Fakat kiliseye katılabilmesi için Oxford yada Cambridge gibi üniversitelerden diploma şartı vardı. Bunun üzerine Darwin 1827 yılında Crist’s (İsa’nın) Kolejine kayıt oldu ve üniversite için özel dersler almaya başladı.
1828’de Cambridge yazıldı ve bir eve çıktı. Bu ev, Darwin’in Hıristiyan doğa teolojisini kökten sarsacağı William Palay’a da ev sahipliği yapmıştı.
Darwin Cambridge’de 3.5 yıl geçirdi. Burada J. S. Henslov (botanik ve jeoloji profesörü) ve A. Sedgwik (jeoloji uzmanı) ile tanışacak ve bu kişilerden çok etkilenecekti. Özyaşamöyküsü’nde Sedgwik ile ilgili; ‘Çeşitli bilimsel kitaplar okumuş olmama rağmen, bilimin genel yasalar ve sonuçlar çıkarmak üzere bilgileri gruplandırmak demek olduğunu şimdiye kadar tam anlamıyla fark etmemiştim.’ diyecekti.
Mezun olması için özel bir eğitime daha katılması gereken Darwin, Beagle gezisi yüzünden bu programa katılamayacak ve diplomasını alamayacaktı.

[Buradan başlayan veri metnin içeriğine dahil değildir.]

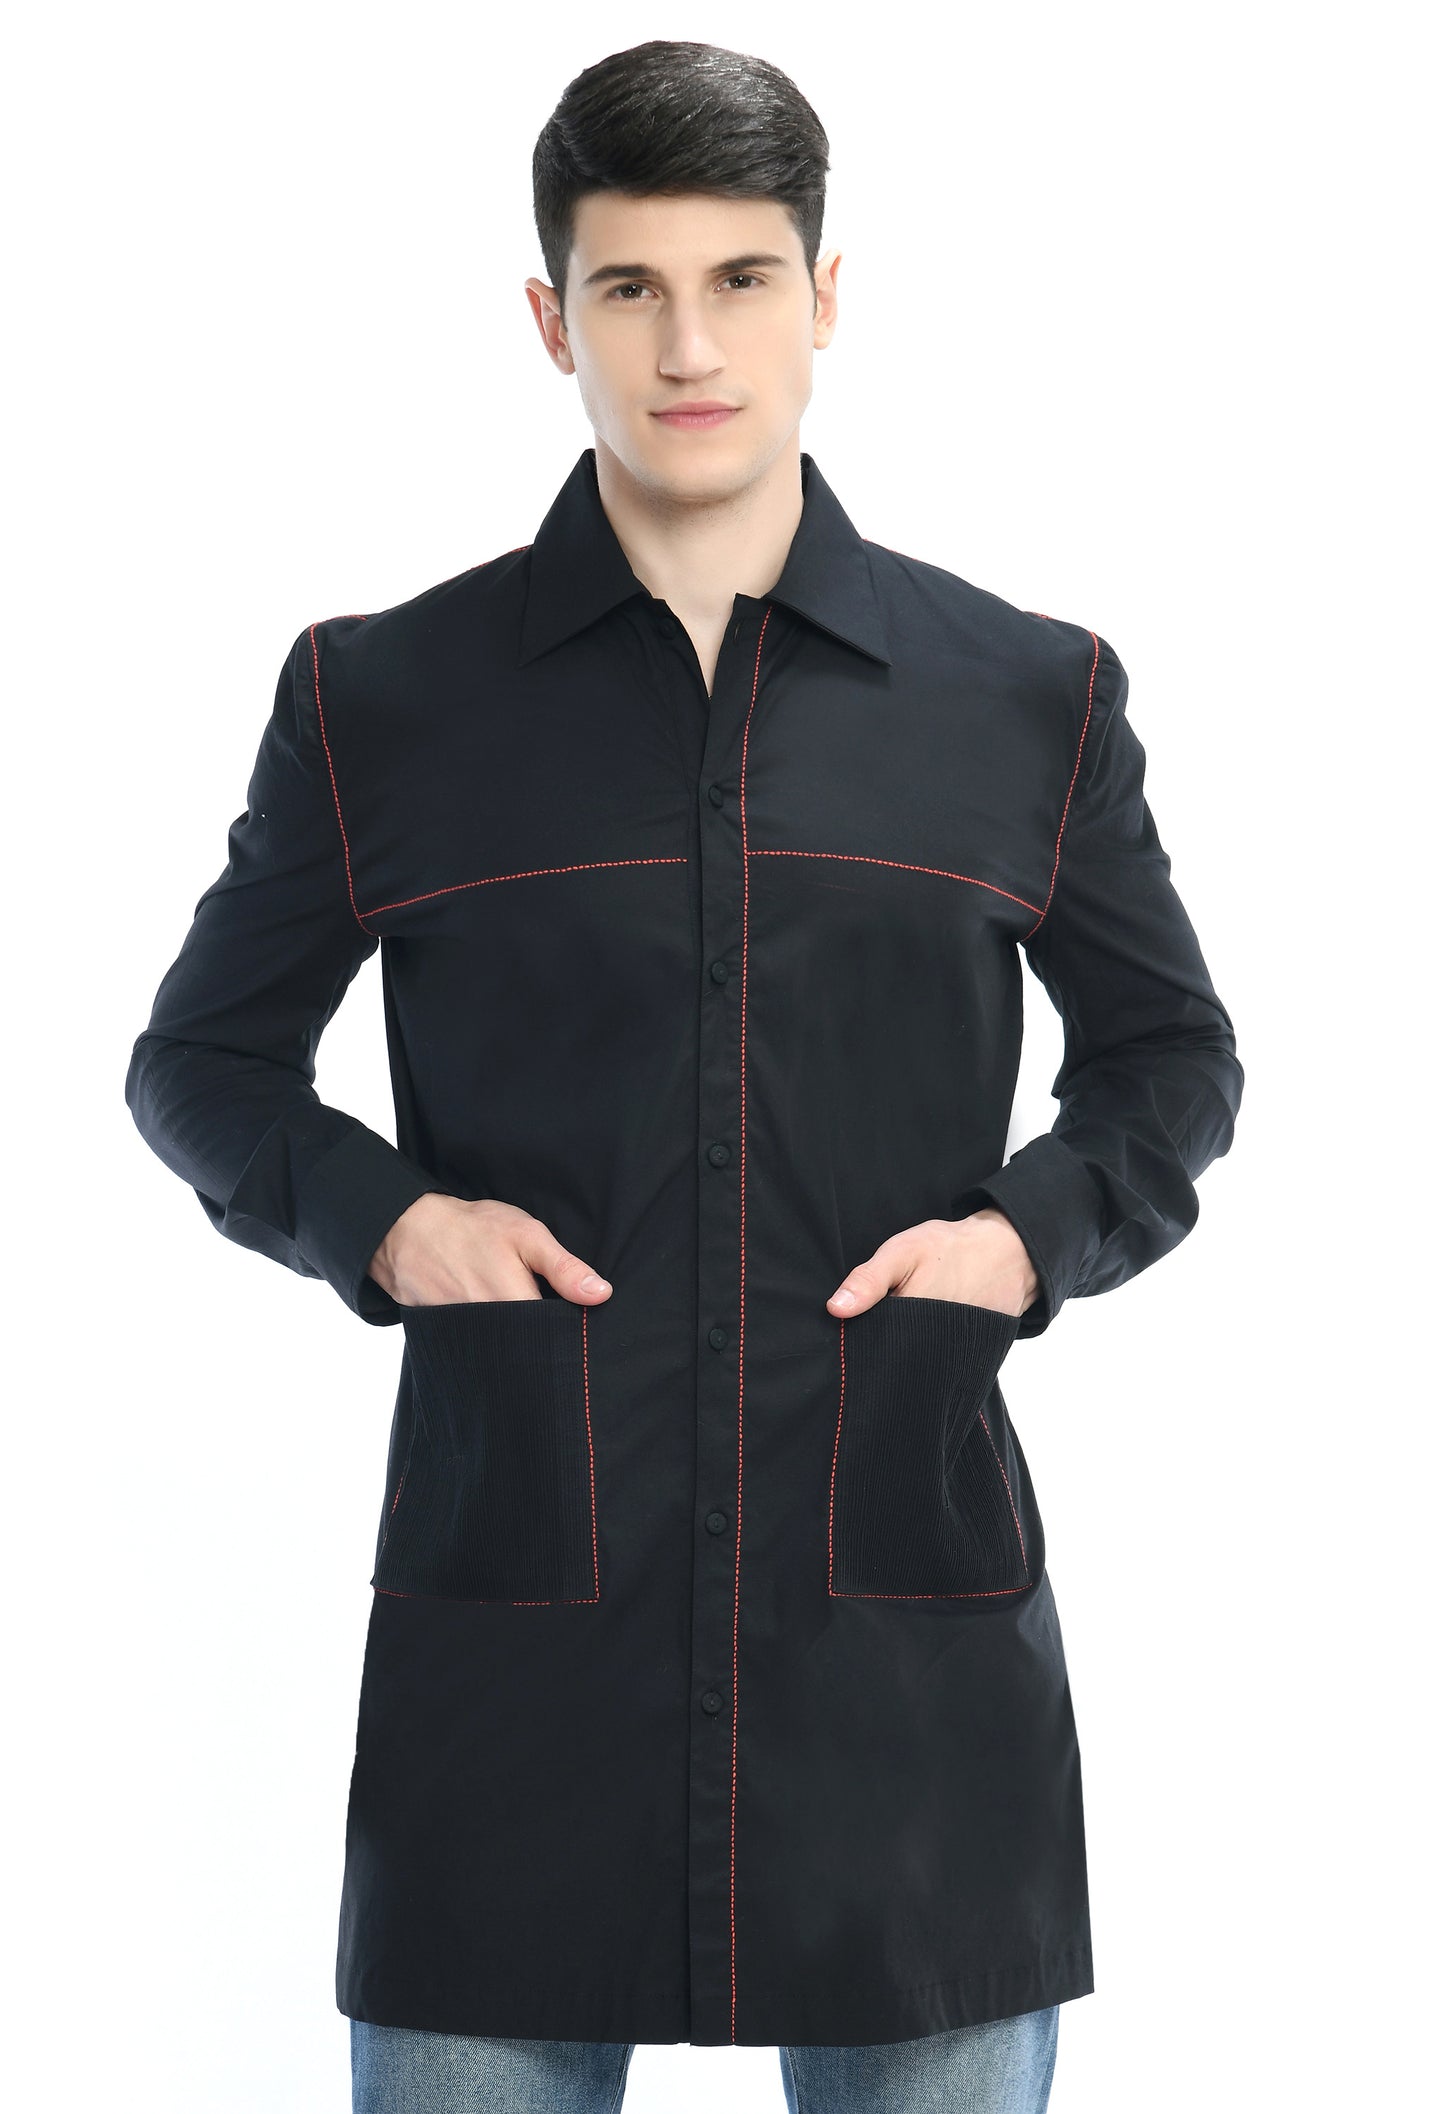 A black cotton shirt with Kantha thread work & pintex pockets

H.M.S. Beagle ile dünya yolculuğu: Zorda olsa babasını ikna etmeyi başaran Darwin’e bu seyahati hocası Henslow önermişti.

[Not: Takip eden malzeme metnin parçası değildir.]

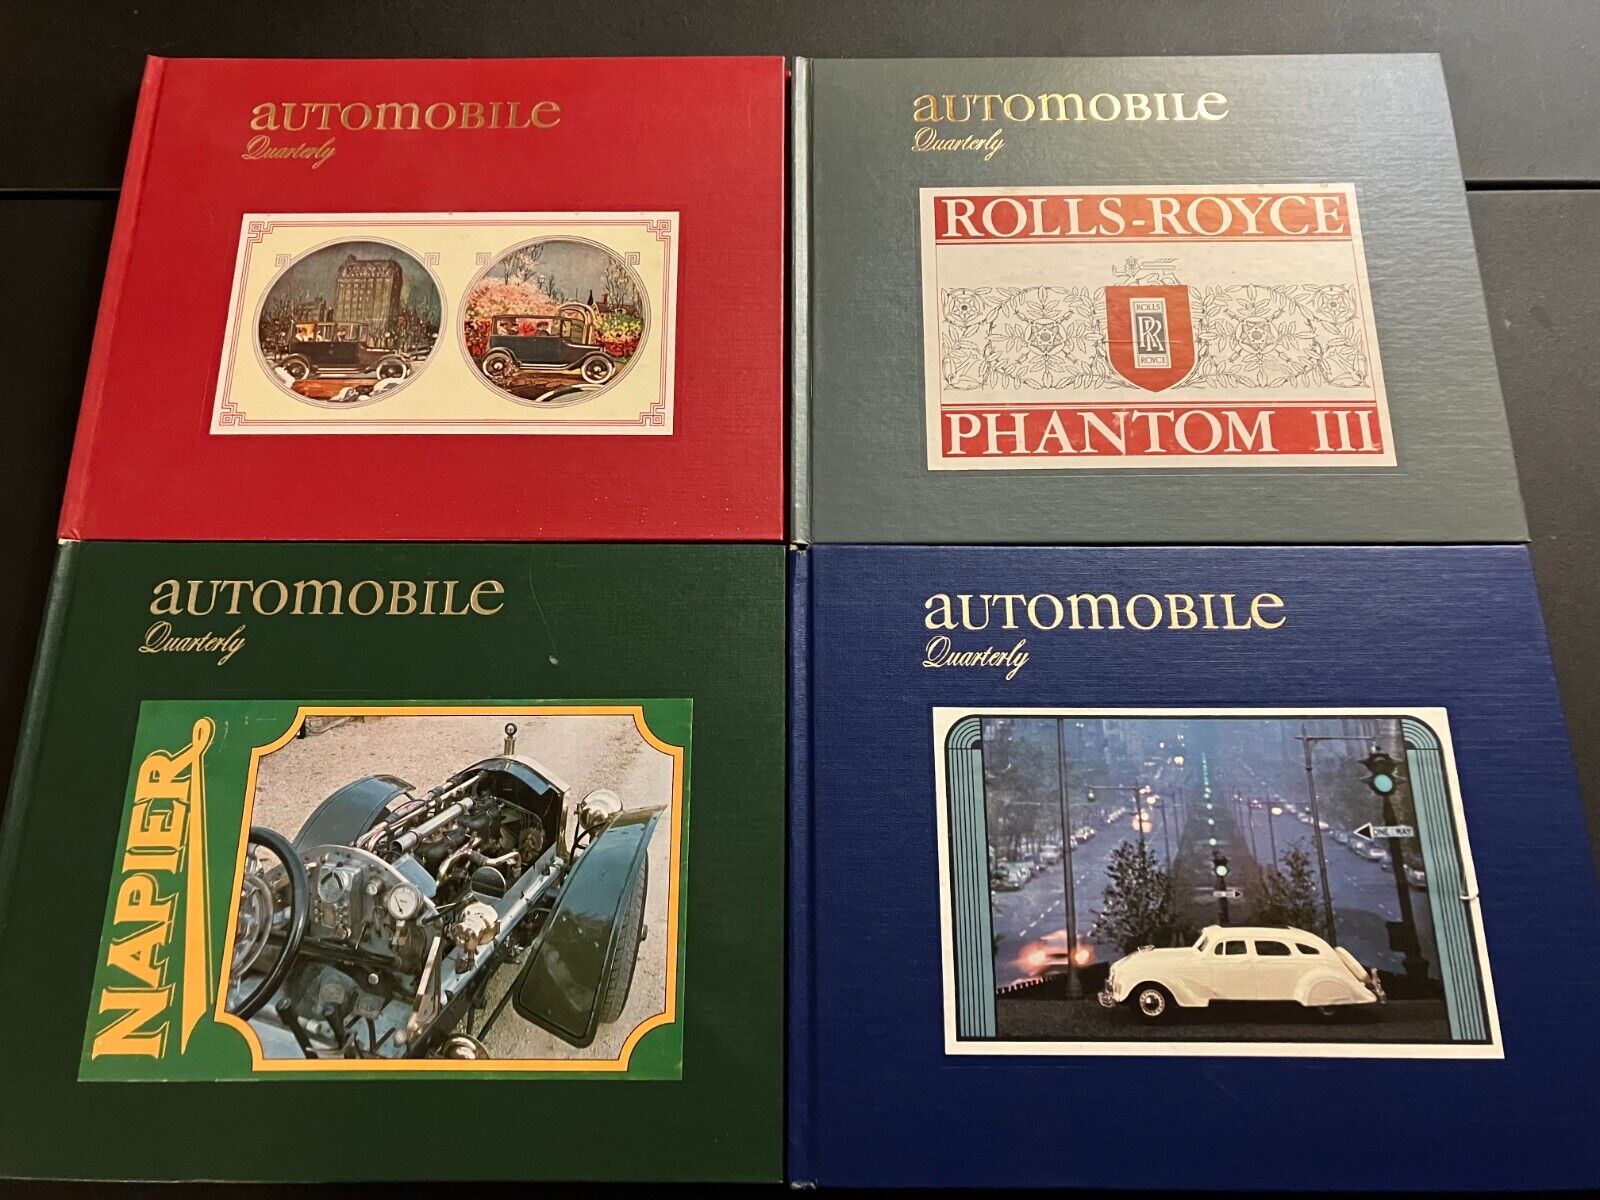 Vintage 1979 Automobile Quarterly Volume 17 Complete Set 1-4 Hardcover Books

Beagle tipi gemi ile seyahat yapacaktı. Fakat denizciler bu gemiye ‘Yüzen Tabut’ yakıştırmasını yapmışlardı. Geminin kaptanı Robert Ritzroy’du. Darwin listeye son isim olarak eklendi.
Bu gezide ‘Beagle yolculuğunda yapılan hayvanbilim çalışmaları’ kitabındaki balıklarla ilgili bölümü yazdı. Darwin yanına eşya olarak; • 12 gömlek • 1 heybe • 1 çift terlik
1 çift hafif yürüyüş ayakkabısı • 1 mikroskop • 1 yer bilim pusulası • 1 düz pusula • 2 tabanca • 1 tüfek • 1 teleskop • 1 kalem kutusu
1 yer bilim çekici • 1 simpisometre • 3 dağ barometresi • 1 karanlık oda • 1 büyüteç • 1 nemölçer • 2-3 İspanyolca dil kitabı..
Beagle’nin amacı; G. Amerika kıtasının kıyı ve adalarının haritalarını çıkarmak ve ziyaret edilen her yerin enlem ve boylamlarını yeni ölçüm aletleri ile yeniden ölçmekti.
Darwin’in odası geminin en arkasında yer alıyordu. Boyutları 3.35 * 3.05 m’di. Odada 275 kitaptan oluşan bir kitaplık yer alıyordu. Gece uyuması için bir hamak vardı. Darwin’i deniz tuttuğundan seyahati bir hayli zor geçecekti.
Gemide resmi bir görevi yoktu. Bu yüzden maaş ödenmeyecekti. Sadece iyi bir örnek toplayıcı ve iyi bir gözlemci vasıfları vardı. Gemide, hocası Henslow sayesinde yer alabilmişti.
Beagle notları: Gezi boyunca yaptığı incelemeleri notlara dönüştüren Darwin; • Oluşan bazı kayaçların yaratılışçı jeologların savunduğu gibi büyük bir tufan sonucu oluşmasının mümkün olamayacağını anladı.
Bunların volkanik etkilerle adaların yavaş yavaş yükseldiğinden dolayı oluştuğu düşündü. • Darwin’in gemiden denize attığı ağda toplanan akıl almaz biçim ve renkteki binlerce organizmanın varlığı onu derin düşüncelere sürüklemişti.
Gözlemlediği canlı çeşitliliğindeki büyük patlama ve onların yaşadıkları ortamla olan ilişkileri, kaçınılmaz bir şekilde kimi zaman dinsel yaratılış dogmasını sorgulamasına neden oluyordu. Fakat bunlar, dogmayı çürütme istediğinden çok, ondaki derinliği daha iyi anlama çabasından öteye geçmiyordu.